This is more work and involvement that a lone person is able to do. All the love in the world can't keep you going as a 24/7 caretaker. Your mom may live another 20+ years. Can you put your life on hold for that long? Will you be able to take care of her medical issues? If you have a job, there is no way you can just quit and expect the state to chip in. Even if they did... what will you do when your mother ultimately passes and you've been out of the work force for years? I don't know your age, but as an example: Say you're 45 and take care of your mom for 15 years. Unless you have a trust fund or big inheritance, you will have to go back to work at 60. Entering the work force again to support yourself after so long, and at an older age, is not going to go as you might hope. It's not fair, but unfortunately is how it is.

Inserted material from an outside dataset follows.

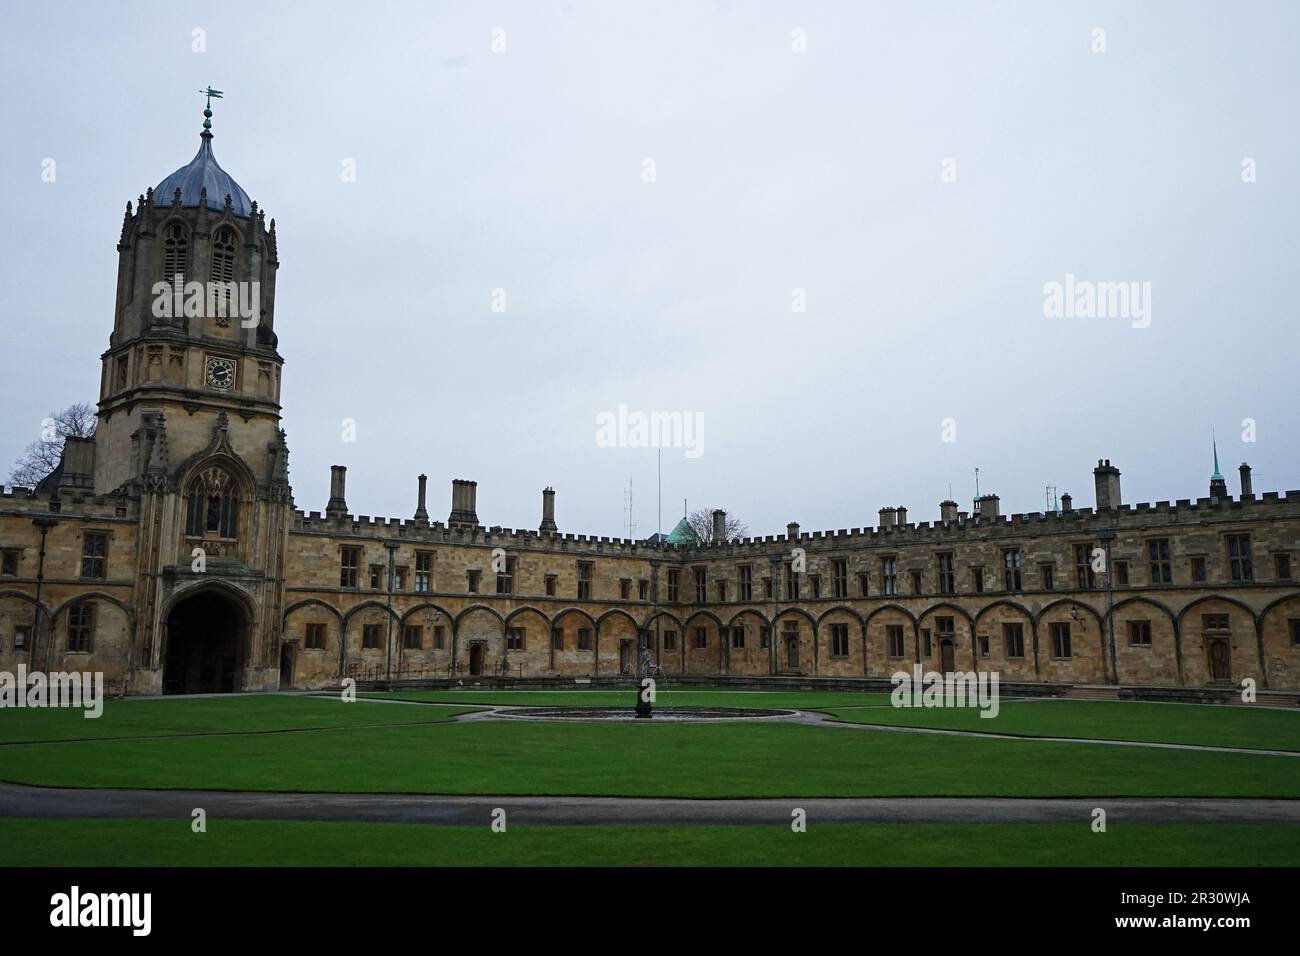 Externe europäische Architektur und Gebäudedesign des Tom Tower of Christ Church - Oxford University, England Stockfoto

Awhile back I watched a show-- I've forgotten the name, but it was a '60 Minutes' type show-- about middle class poverty. One woman in her 50s decided to quit her nursing career to take care of her mother with cancer. She said she thought she could just jump right back in to a nursing job when the time came, since nurses are always needed. Unfortunately, even with experience and her education, she could barely get hired... new nursing grads in their 20s and 30s were getting the jobs instead. She fell into debt, had her car repossessed, and was facing homelessness. She said she never expected it to be like this, having to pretty much start over in her late 50s.

So many, if not most, of caregivers on here went into it with optimism. Many love their parents dearly. They never expected to be burned out, exhausted, broken, and financially strapped. We all tend to think we can love our way through these things sometimes. Please reconsider doing this.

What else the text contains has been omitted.